The problem with these two theories is that they cannot explain the evolution of human ultrasociality. Even in bands of hunter-gatherers the majority (three-quarters, according to recent estimates; Hill et al. 2011) are unrelated to ‘ego,’ and of course the average relatedness among huge societies of hundreds of millions of individuals is indistinguishable from zero. As to reciprocity, models show that it can work in small groups of few individuals, but it breaks down completely once the group size exceeds ten. This was clear to such eighteenth century thinkers as David Hume:
Two neighbors agree to drain a meadow, which they possess in common; because ’tis easy for them to know each other’s mind; and each must perceive, that the immediate consequence of his failing in his part is abandoning of the whole project. But ’tis very difficult and indeed impossible, that a thousand persons shou’d agree in any such action; it being difficult for them to concert so complicated a design, and still more difficult for them to execute; while each seeks a pretext to free himself of the trouble and expense, and wou’d lay the whole burden on others.
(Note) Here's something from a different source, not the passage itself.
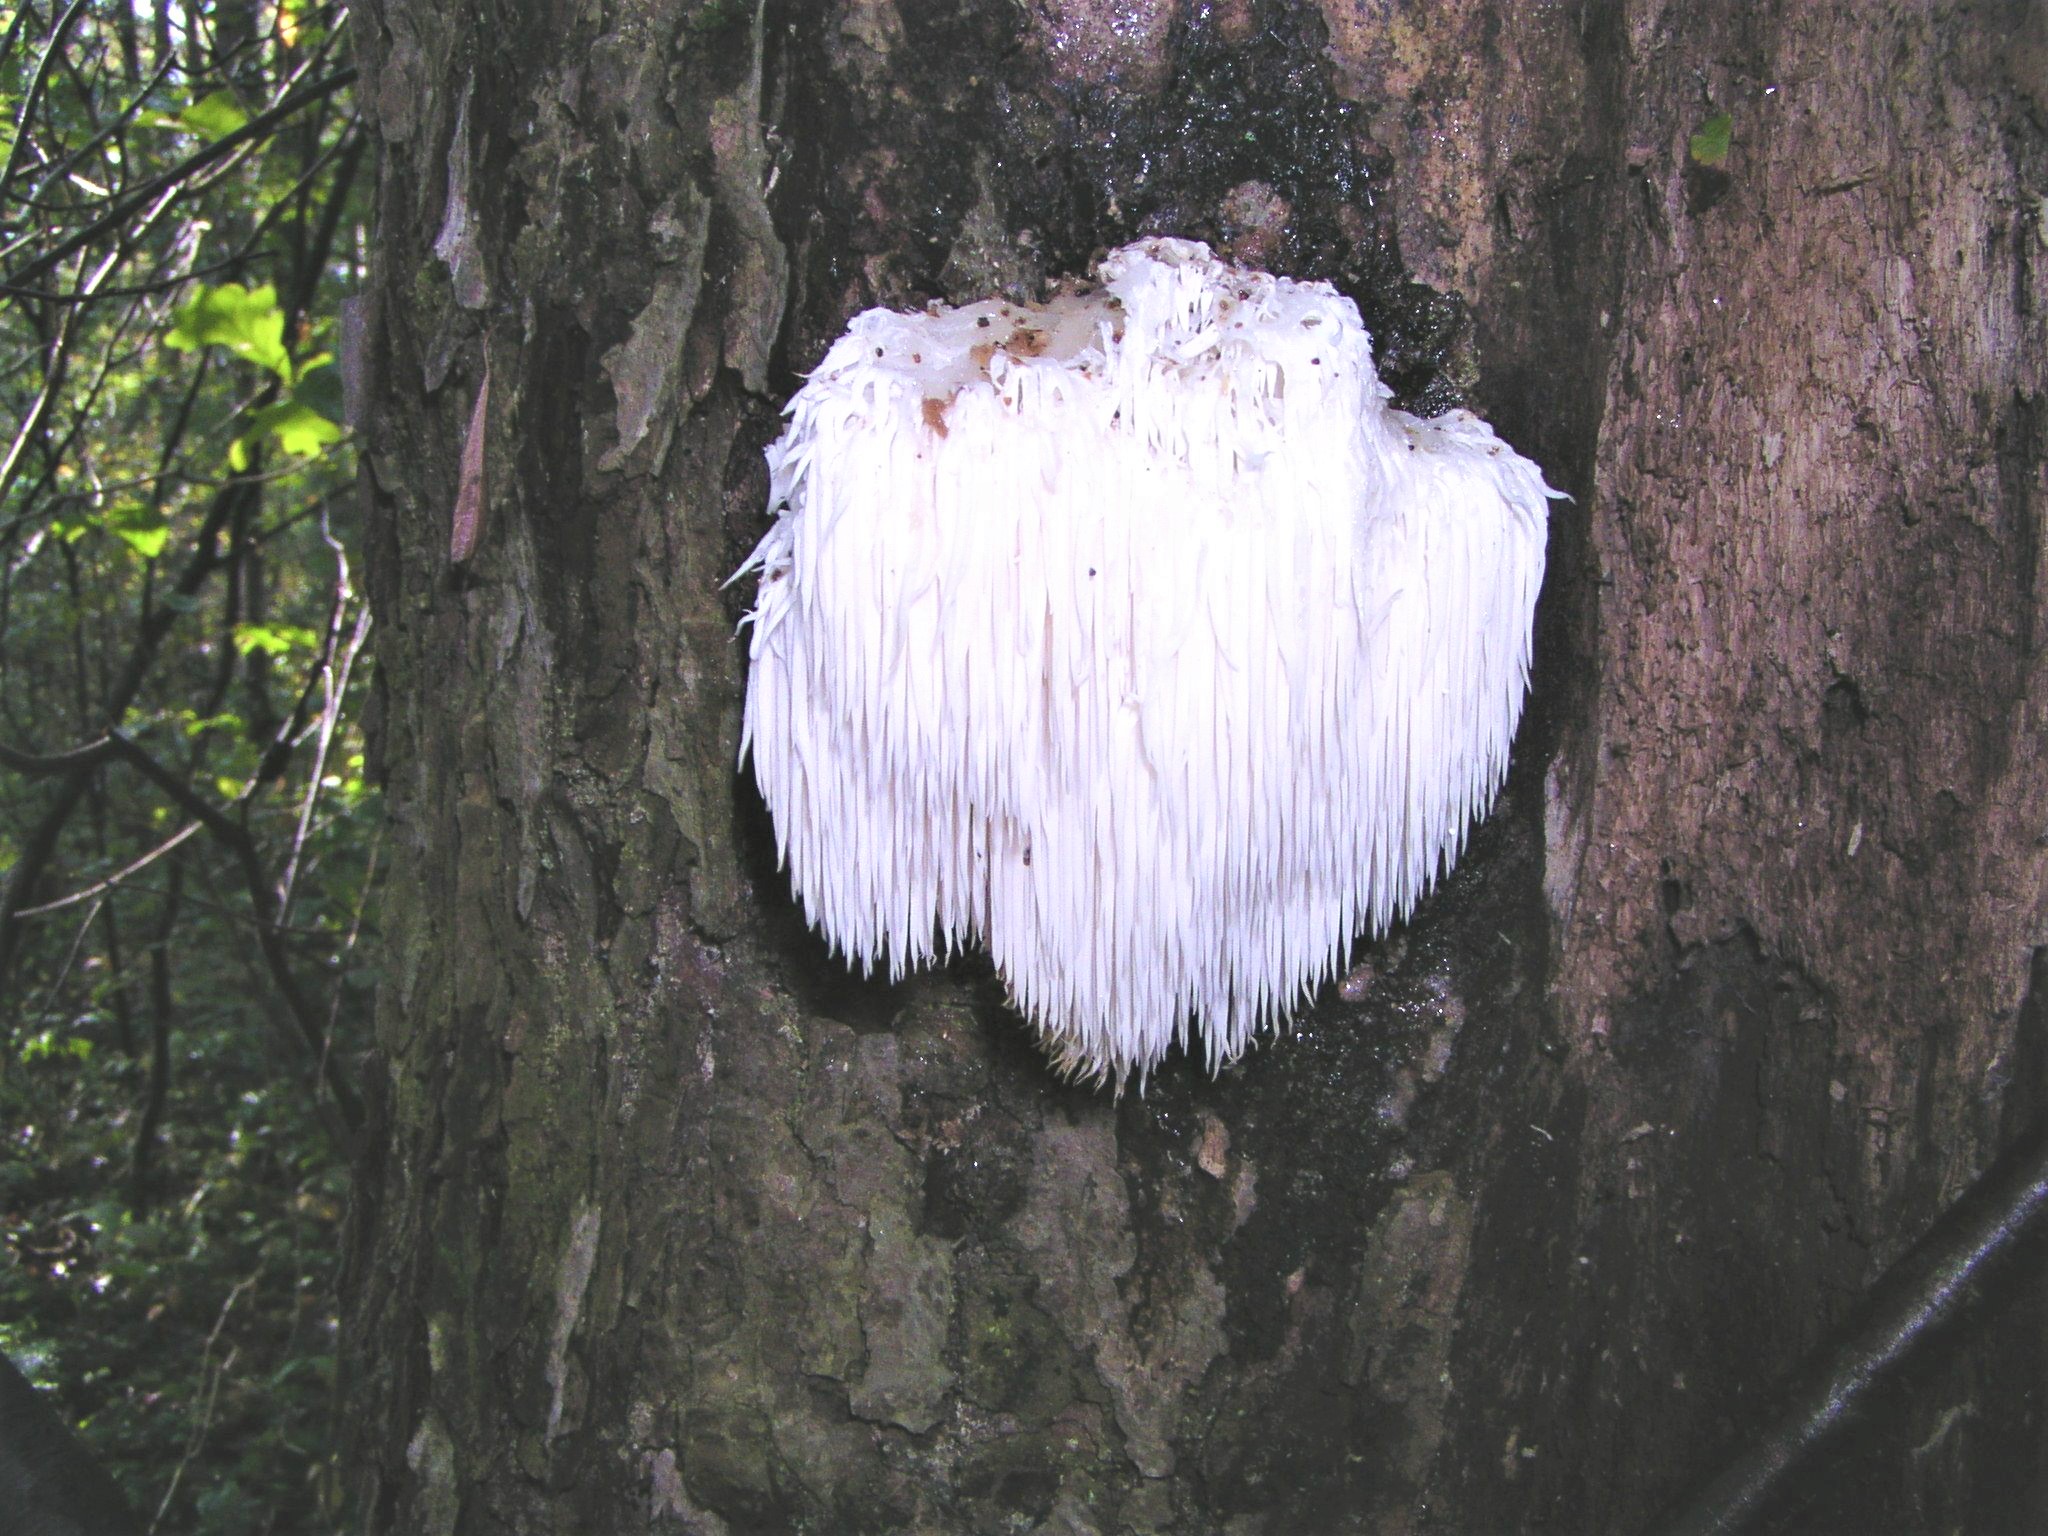 White Shag Fungi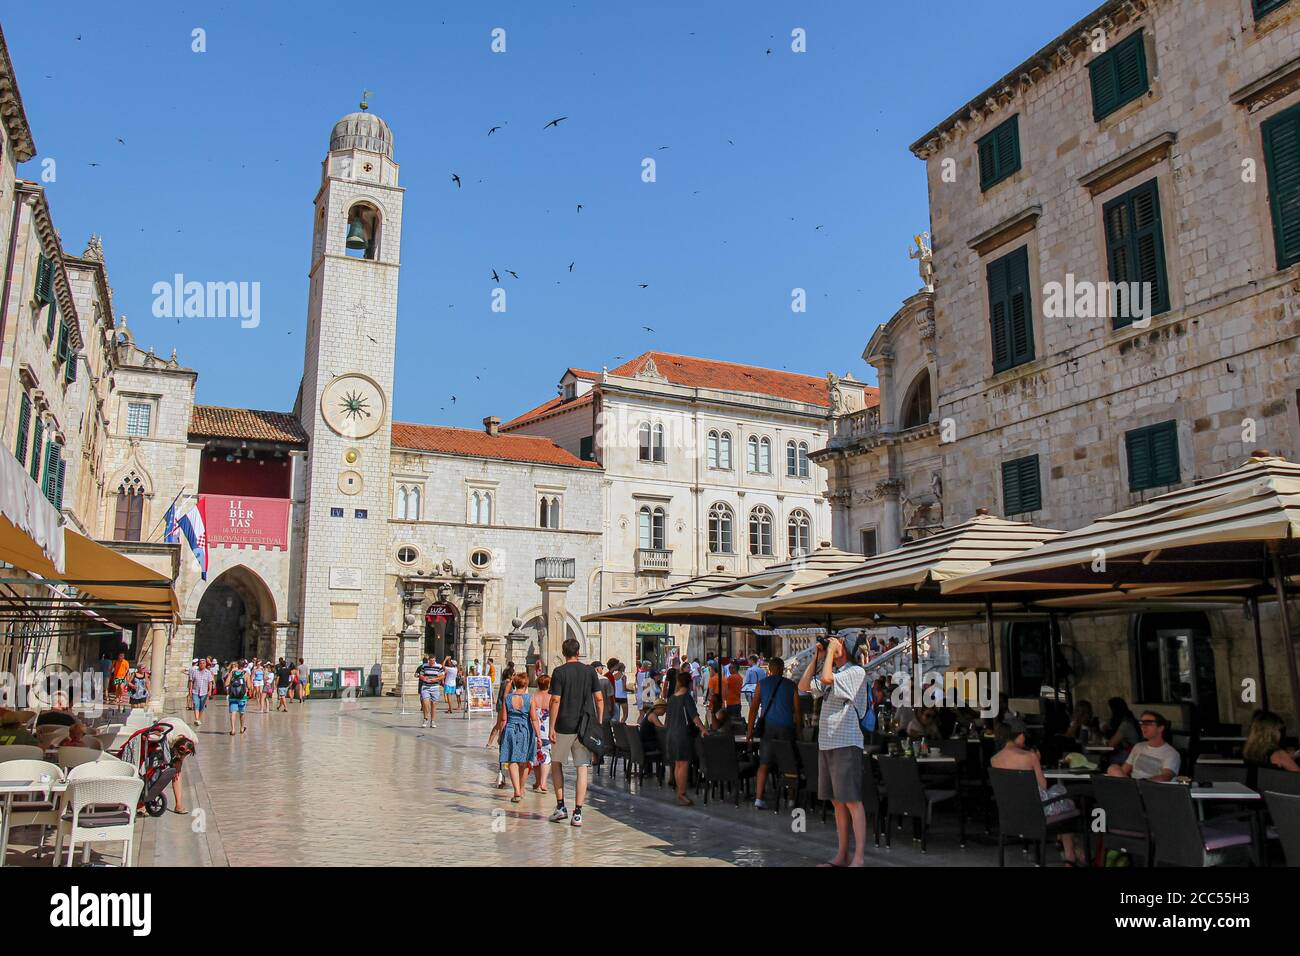 Dubrovnik, Croatie - 15 juillet 2018 : la rue principale de Stradun, le café et la tour de l'horloge dans la vieille ville de Dubrovnik, avec des touristes en été, Croatie Banque D'Images

Although Pinker does not explicitly acknowledge this point, he seems aware that straightforward “nepotism and reciprocity” cannot explain extensive cooperation in groups of millions of people. Here’s where he brings in “cognitive twists.” The basic idea is that human propensities for cooperation with kin and in reciprocal settings are manipulated by other humans.
This is a version of the ‘big mistake’ hypothesis (as Boyd and Richerson have characterized this current in the Evolutionary Psychology theorizing), according to which people are somehow ‘fooled’ to cooperate with millions of other members of their society because they mistakenly consider them as relatives.
The version advocated by Pinker can be called the ‘Great Deception’ hypothesis. He uses this to explain away suicide terrorism. But what about volunteering for military service in times of war? Pinker writes, “Even in historical instances in which men enthusiastically volunteered for military service (as they did in World War I), they were usually victims of positive illusions which led them to expect a quick victory and a low risk of dying in combat.” But that does not describe the actual historical cases, e.g., volunteering by the British men during WWI. The British continued to volunteer long after it became abundantly clear that there will be no quick victory and that the war was a slaughterhouse. The British authorities did not need to implement the draft until 1916 (for a more nuanced discussion of this case, see my War and Peace and War).
Furthermore, a big part of Pinker’s argument is that it is “other humans” (presumably, political elites) who fool common people to fight and die to advance their nefarious ends. But there are many counterexamples. To give just one, the ruling elites of the Roman Republic (the senatorial class) bore their fair share (and perhaps even more) of the burden of Rome’s continuous warfare. The senatorial class fought and died on the front lines during the battles of the Second Punic War. Proportionately, the Senate lost more members than common citizens in such defeats as Lake Trasimene and Cannae. So who was fooling Roman patricians to sacrifice their lives for the sake of Patria?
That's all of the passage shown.